4.6.8. When a lack of progress occurs between checkpoints (or checkpoint and exit) containing an evacuation zone
ここの exit はゴールのことだと思われます。 exit だと救助ゾーンの出口と勘違いされそうです。
4.6.8
a. Level one evacuation point: (EZLP) = -0.025 x (number of lack of progresses in the evacuation zone)
この「number of lack of progresses in the evacuation zone」ですが・・・普通に読むと救助ゾーンの中での競技進行停止数になるのですが、これは「救助ゾーンを含むチェックポイント間での競技進行停止数」のことだと思われます。
4.6.9. Multipliers will never be lower than 1.
ひとつ前の4.6.8にも同じことが書かれています。
4.6.8 multipliers will not be less than 1
と表現が微妙に違います。(笑)
4.6.11 以降が得点計算の計算式が掲載されているのですが・・・う~ん難しい!
大きな変更は2つです。
1つは、競技の得点だけでなくドキュメント評価が入ります。
チームの評価 = 競技の得点×0.8 + ドキュメントの評価×0.2
と競技8割、ドキュメント2割の合計がチームの得点になります。
で、もう一つが・・・そのチームの評価はすべて正規化されます。
正規化というのは(チームの得点)÷(一番良いチームの得点)ということで、0と1の間の小数での比較になります。
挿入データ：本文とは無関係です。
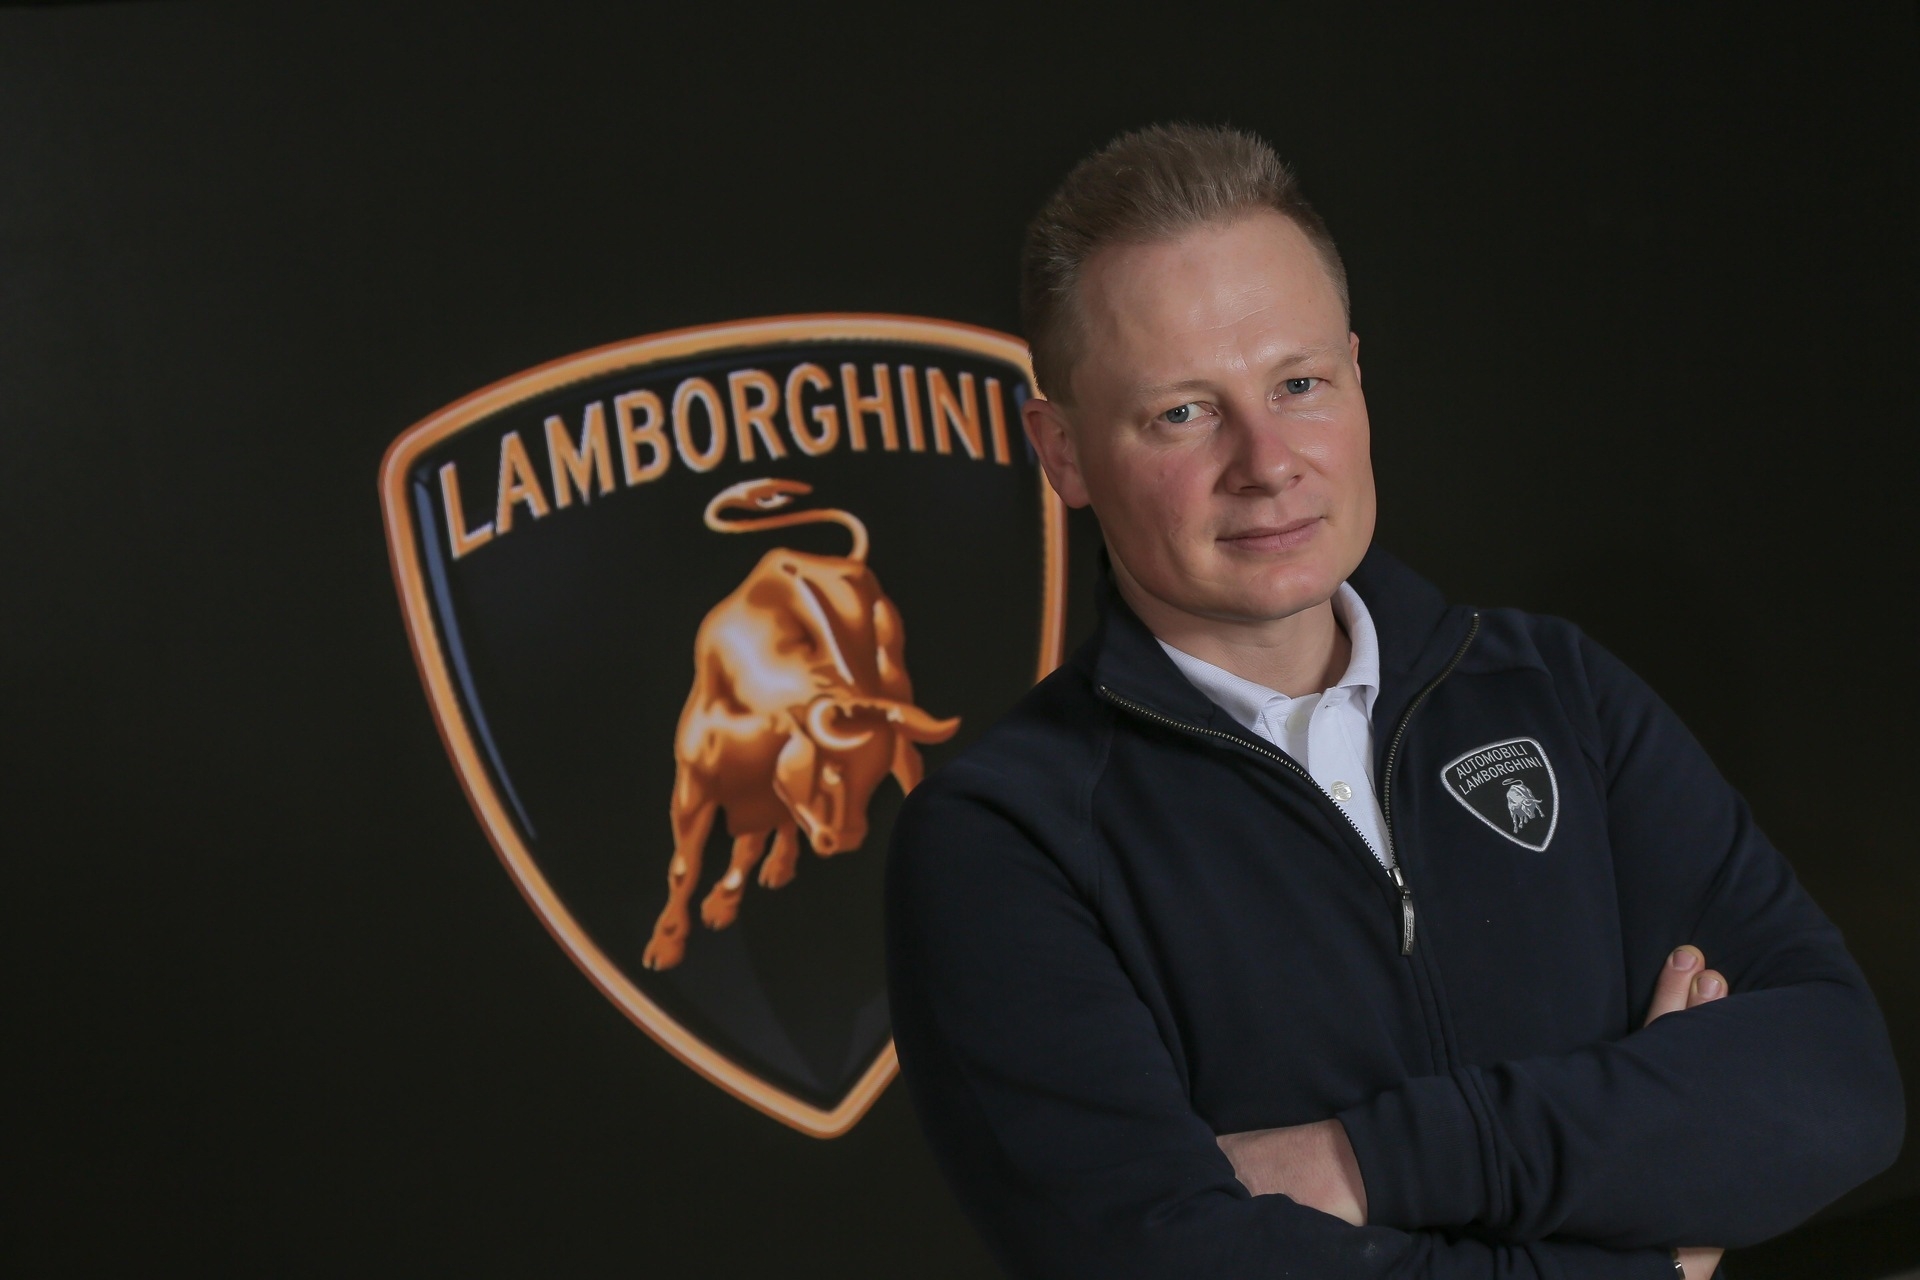 Lanzador: Mitja Borkert je direktor dizajna u Automobili Lamborghini

例えば 第1位 0.7786 第2位 0.7784 第3位0.7602 ・・・という感じになります。(いや~、本当にちょっとの差でしたね・・・という解説が聞こえてきそうです 笑)
う~ん
競技の得点だけでなく、ドキュメント評価やインタビューの評価を加味するのは、RoboCupJunior は、競技会ではなく教育イベントだから・・・と聞いたことがあるのですが・・・今の競技運営者達がきちんとした評価(ドキュメント評価)ができるのかが疑問です。それでなくても Rescue の Committee は(競技数が多いのに)人数が少ないので・・・
それから、ドキュメント評価結果がちゃんと公開されるのか疑問です。 これまでもプレゼン賞などの評価はされていたでしょうけど、評価結果はブラックボックスだったので・・・
はい、長くなりましたが、以上です。